You generally want a gradual deployment (with monitoring) and the ability to roll back changes.

Deployment patterns:

Shadow mode: The ML system runs in parallel with humans but is not used to make decisions
Canary: Roll out to a small fraction of traffic initially and ramp up gradually
Blue-green: Two servers are maintained but only one handles requests at any given time

While you don't get gradual rollout with blue-green deployment, rolling back is easy.

Degrees of automation:

Human only
Shadow mode
Human in the loop
- AI assistance
- Partial automation (edge cases are referred to humans)
Full automation

Try to brainstorm everything that could go wrong and create a monitoring dashboard. You can start with a lot of metrics and remove any that prove not to be useful over time.

Potential metrics:

Software (memory, compute, latency, throughput, server load, etc.)
Input metrics (to check for data drift/covariate shift)
Output metrics (e.g., how often it returns null or how often the user retries)

Monitoring can prompt either manual or automatic retraining.

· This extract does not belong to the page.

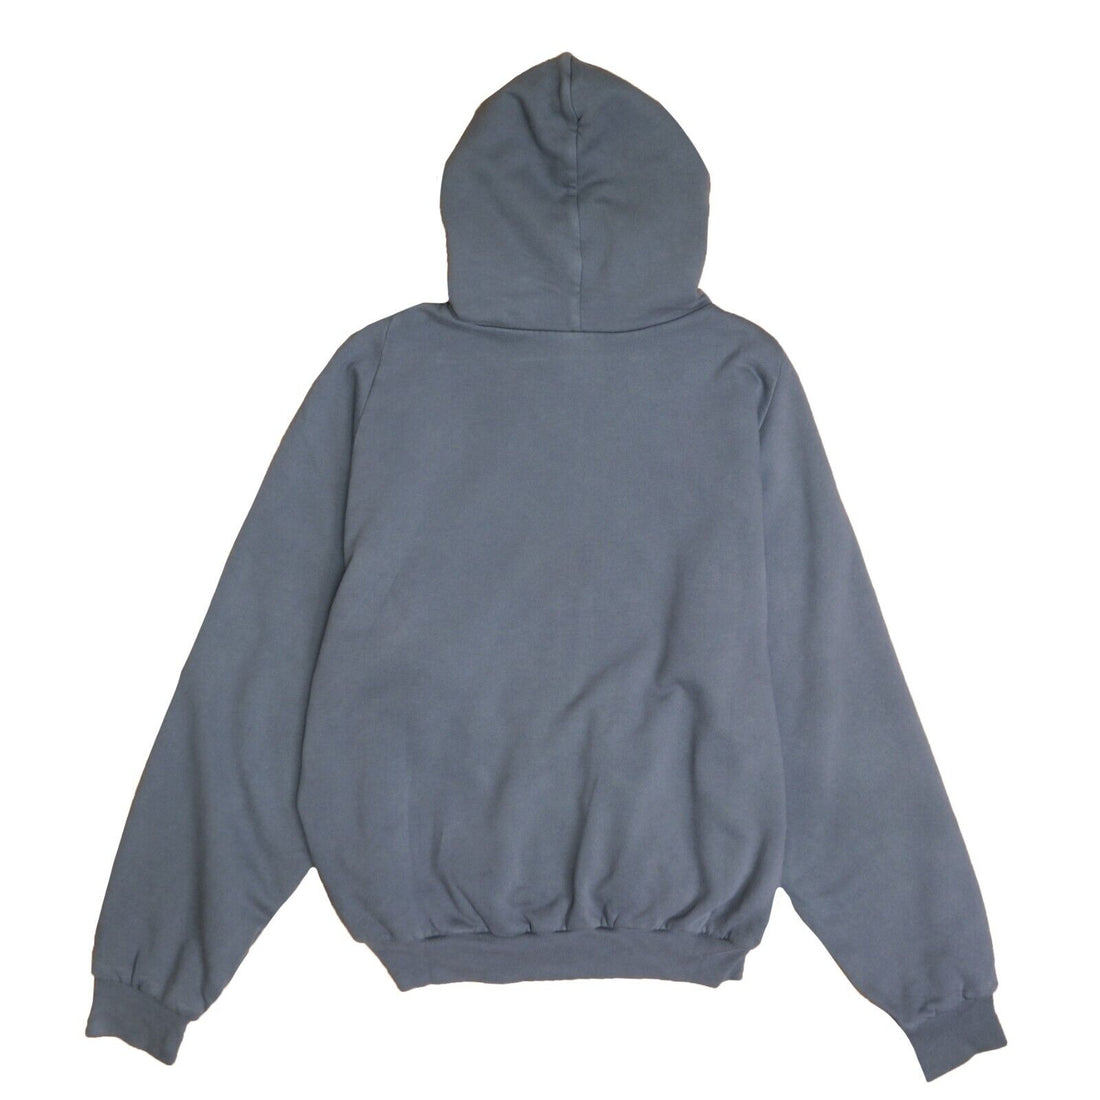 Yeezy Gap Unreleased Zip Sweatshirt Hoodie Size Medium Dark Gray

When you have a pipeline of models (such as a voice activity detection model chained with a speech recognition model) then you have to consider the impact of changes to models earlier in the pipeline on the performance of the subsequent models.

Modelling

Selecting and training a model

Model-centric AI development focuses on the choice of model and architecture
Data-centric AI development focuses more on improving the training data
- This often works better than model-centric development in practice
- Data quality is important, not just quantity
Good performance on the test set may not be enough
- Performance may be more important in some cases than in others
  - For example, a search engine user will expect the obvious result to be first on navigational queries (e.g., "Reddit"), but will be less worried about the exact ordering for informational/transactional queries (e.g., "apple pie recipe")
- There may be regulatory or ethical concerns about including certain characteristics as predictors (e.g., gender, race)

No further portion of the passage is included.